In 2010, the Royal Swedish Academy of Sciences decided to award the Nobel Prize in Physics to Andre Geim and Konstantin Novoselov for their “groundbreaking experiments” in graphene research.
Graphnene may have started this 2D revolution in electronics, but silicene, phosphorene and stanene, atom-thick allotropes of silicon, phosphorus and tin, respectively, have a similar honeycomb structure with different properties, resulting in different applications.
All four have the potential to change electronics as we know it, allowing for miniaturization, higher performance and cost reduction. Several companies around the globe, including Samsung and Apple, are developing applications based on graphene.
- Organic electronics
The development of conducting polymers and their applications resulted in another Nobel prize in 2000, this time in chemistry. Alan J. Heeger, Alan G. MacDiarmid and Hideki Shirakawa proved that plastic can conduct electricity.
Unlike conventional inorganic conductors and semiconductors, organic electronic materials are constructed from organic (carbon-based) molecules or polymers using chemical synthesis. Organic electronics is not limited to conducting polymers, but includes other organic materials that might be of use in electronics.
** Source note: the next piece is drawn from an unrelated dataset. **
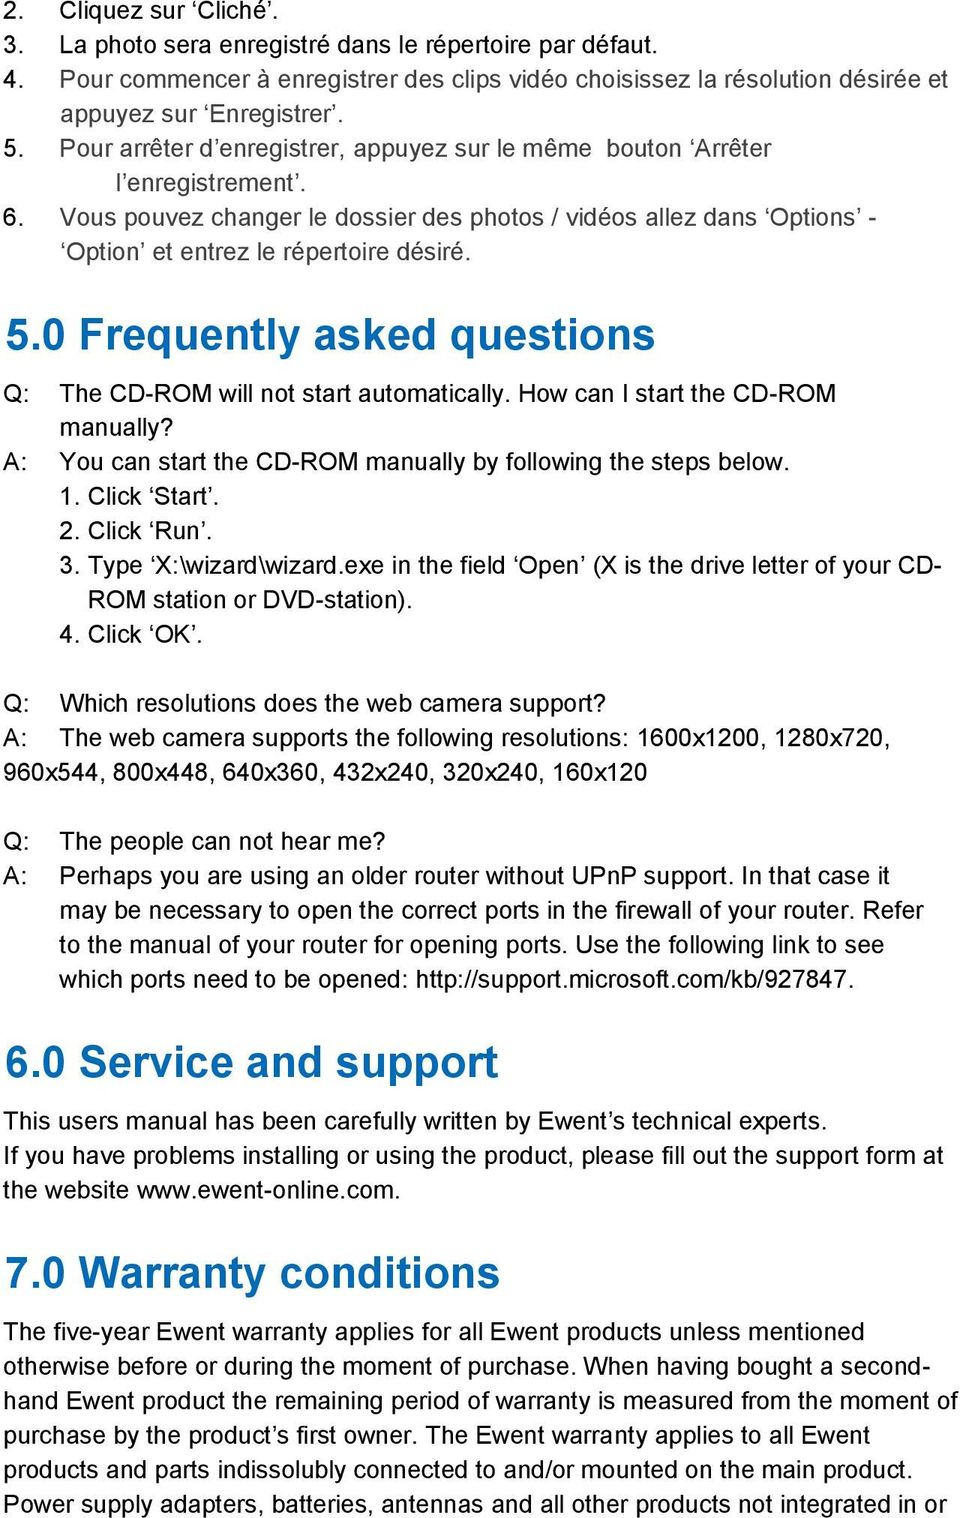 0 Frequently asked questions Q: The CD-ROM will not start automatically. How can I start the CD-ROM manually? A: You can start the CD-ROM manually by following the steps below. 1. Click Start. 2.

These include a variety of dyes, organic charge-transfer complexes, and many other organic molecules.
In terms of performance and industrial development, organic molecules and polymers cannot yet compete with their inorganic counterparts. However, organic electronics have some advantages over conventional electronic materials. Low material and production costs, mechanical flexibility, adaptability of synthesis processes and biocompatibility make organic electronics a desirable choice for certain applications.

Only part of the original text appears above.